You pause the CD player, rip off your tutu and sling it over your pink bedsheets. As you open the white door, covered in doodles and stickers, the pulling sensation is back in my chest.
I reach out for your hand, and try to call out “wait”, but you skip away, and I am sucked back into the void.
Floating, or maybe falling, again in darkness in the world between lives, or memories. I cannot feel the tips of my toes or see the end of my hand. I don’t know if this is a room the size of a closet or the vastness of space, itself.
Nearing now, I spot another familiar frame. This one is smaller, not a doorway, but a window, maybe. As it spins closer to me, or I move closer to it, I identify the swirling, shimmering liquid goo of the portal and embrace it, plunging my hand into its surface and diving into another moment, another memory.
While I fall, or maybe float, I am surrounded by the blurry flashes of blues, greens, brown, and cream colors. I feel warm, hot even, and maybe sick, but the sensation passes as I land softly on a messy mattress.
This is your bed. Your room. No longer the bright childhood bedroom, but the untidy quarters of a teenager. The stickers and art have been peeled off the door, replaced by hanging belts and scarves. Your toys are packed away and bookcases line the corners of your walls. Your black quilt is crumpled atop the mattress, blue jeans are flung carelessly near an empty hamper, and posters of bands stick with tacky to the walls.
And there you are, working at your desk. Your hair is darker now, and tied in a knot at the top of your head. You are wrapped in a hoodie and sweatpants. You are focused, studious, determined. Nothing can distract you. Your life is planned, college is in your future, and you work hard to make it a reality. You open a book, highlighting phrases and tap your toes along to a beat in your head.
Your door flings open, and a large, blurred image appears in the frame. They mumble something I can’t make out and you jolt upright.
“No, I swear, that wasn’t mine! Please Dad, you have to believe me!”
The mumbles increase in volume, the voice is deep, but I cannot make out the words. You start to cry, and I run, or maybe glide, to you. I throw my arms around you, but you cannot feel them. You continue to sob.
The figure disappears, closing the door behind them. You throw your book at the door and crumple into a ball at your desk, and I am, once again, surrounded by the darkness of the void.

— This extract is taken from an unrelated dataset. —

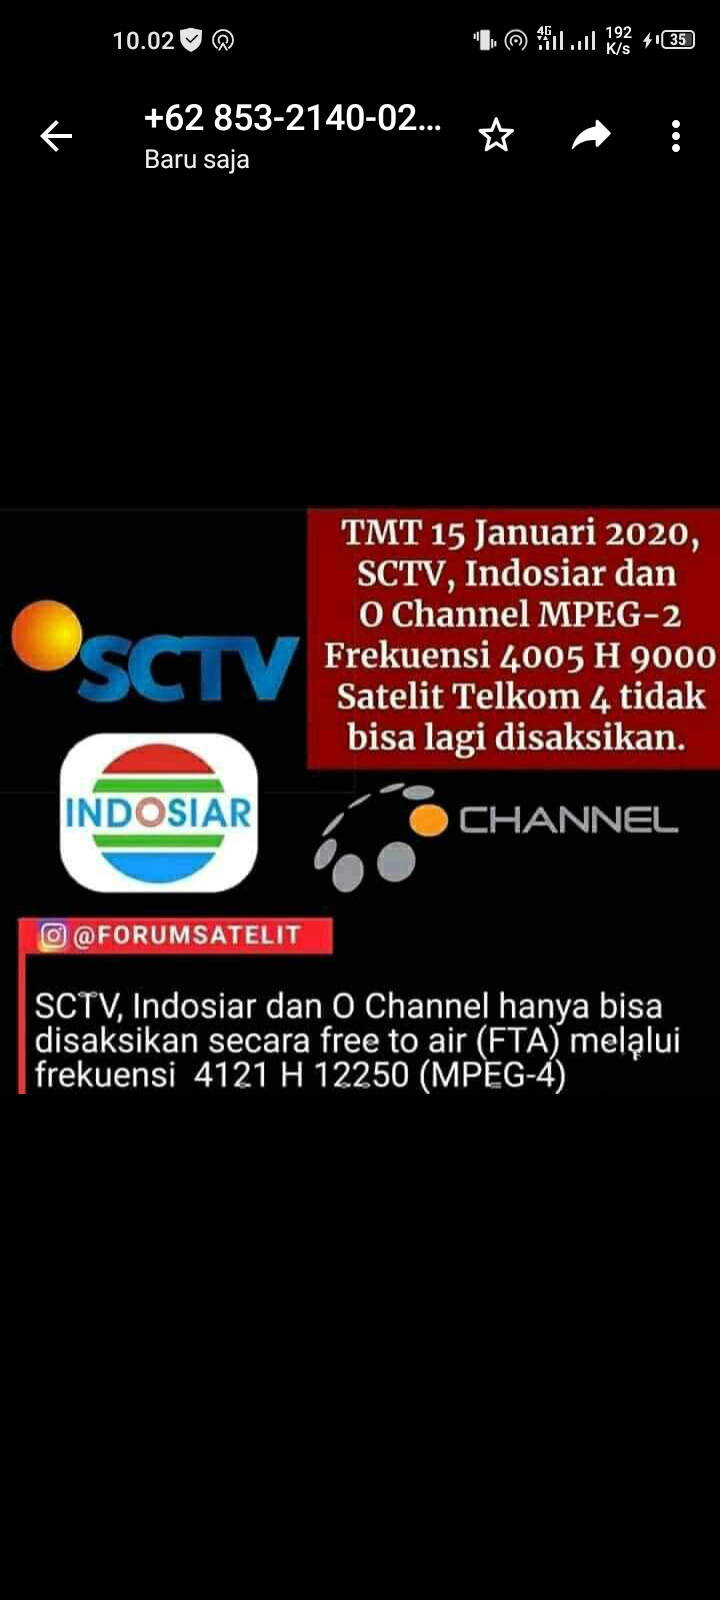 Frekuensi Sctv Baru : frekuensi, Frekuensi, Indosiar,, Pindah, Channel, 12250, MPEG4, Telkom, C-Band, Mulai, Januari, Aulaku
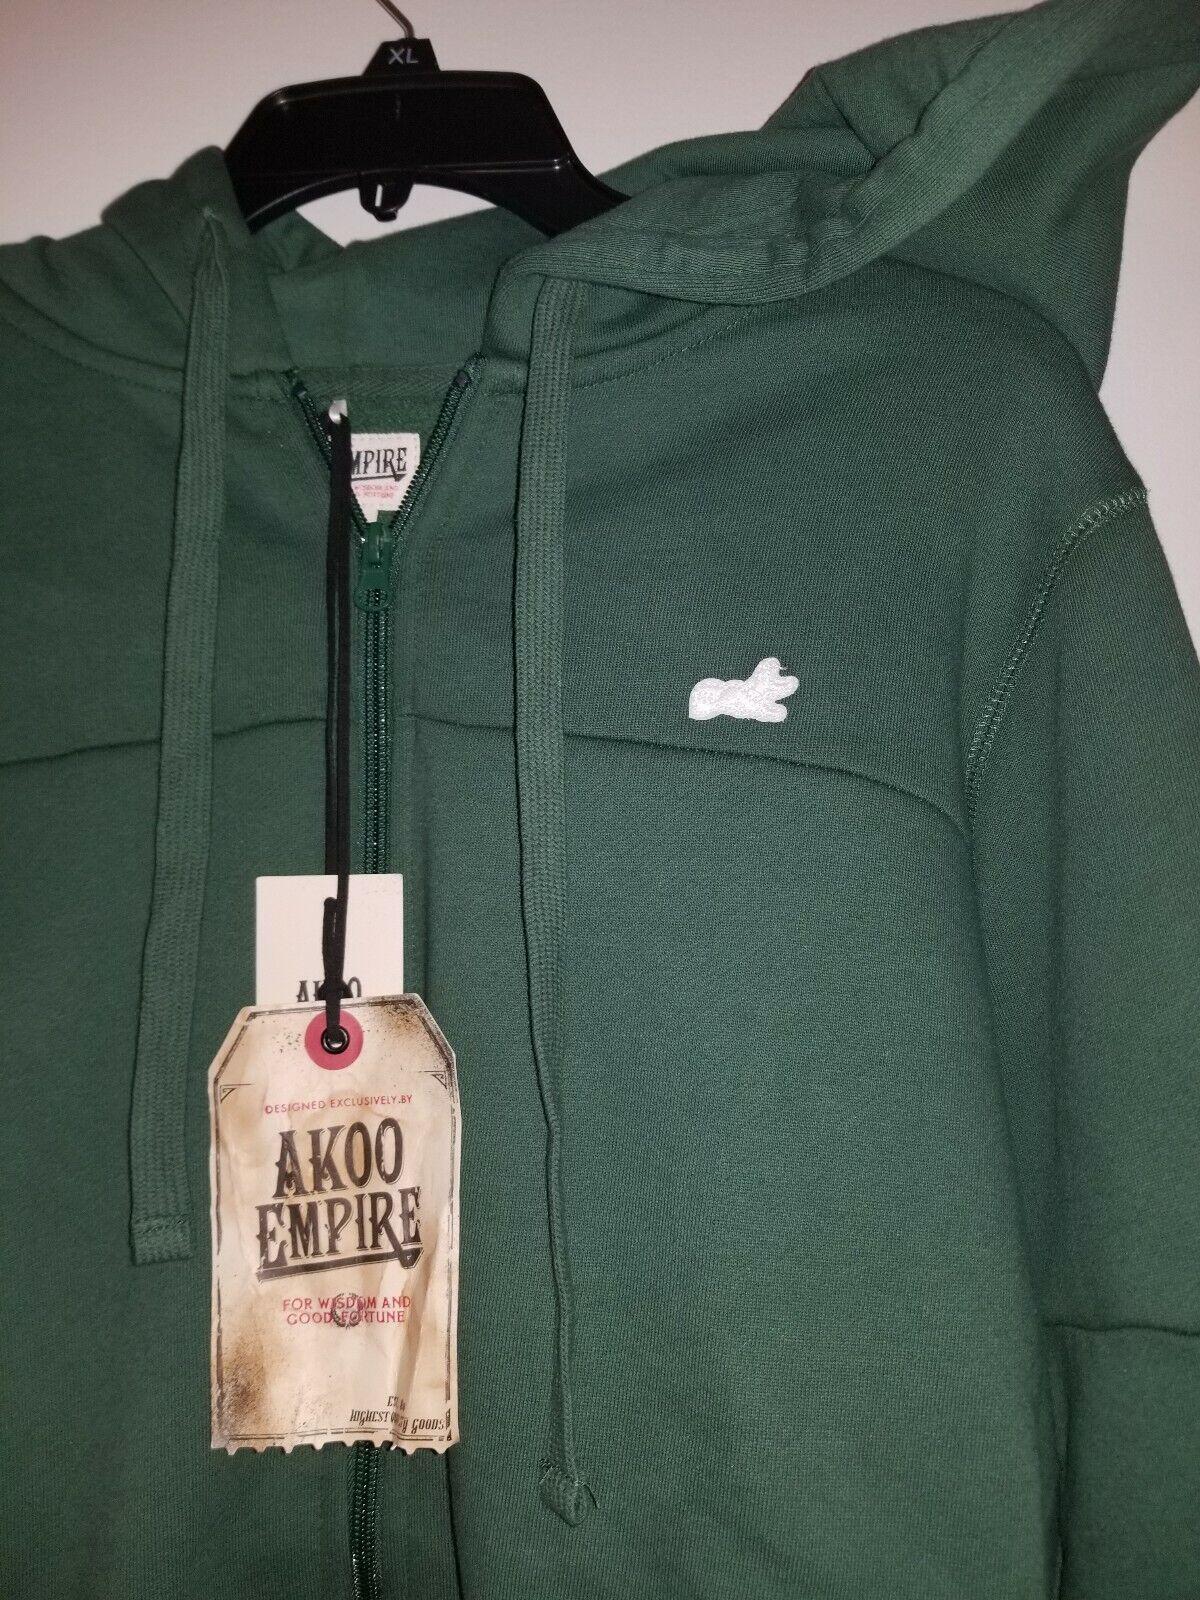 Akoo Jacket Hoodie Brand New Grün Größe 3XLARGE  80.00

I fall through portals of time and time again. A window in your first car. A door to your college dorm. Each time I see you, I miss you. I reach out for you, but you cannot feel me, you cannot hear me. Someone calls for you and I jolt back into darkness. You cry, and I fall away into the void. You leave, and I am alone again.
Until the final moment, or portal, or memory.
A sterile hospital room. Flashes of people pass in the hallway outside of the door, but inside it’s just you and Dad. I can’t see him, not the details of him, but I know he is there. I remember this room. This moment. This was the last time I saw you.
You sit still at the edge of his bed while blurs of faces and white scrubs come in and out. They remove his IV’s, and detach the heart monitors and breathing tubes. They close the door and pull the curtain. More people come and go, visitors, friends, maybe family. Unrecognizable faces, echos of people who were there, people we have forgotten. But not you. You are clear to me. I see every tear, hear every sob.
I watch this moment as your full-toothed smile turns into my stoic expression. I see your shoulders soften and slouch into my poor posture. I hear the rasp in your throat as it deepens into my voice.
We call out, “Dad?”
He doesn’t answer.
We stand up and straighten his bedsheets. We bend down and kiss him on the forehead and hug his stiffening chest. You stroke his hair with my hand, I leave tracks of your tears on his shirt and together, we plunge back into the void.
As I continue floating, or living, through the darkness, I see glimpses of you, but recognize them as shadows, or memories. The person who lived in that world before grief is gone, and I am all that remains.
I am stuck in a cycle of grief for my father and for the person I was before he died. Floating through life between memories and actuality. I linger in the void between the living and the dead.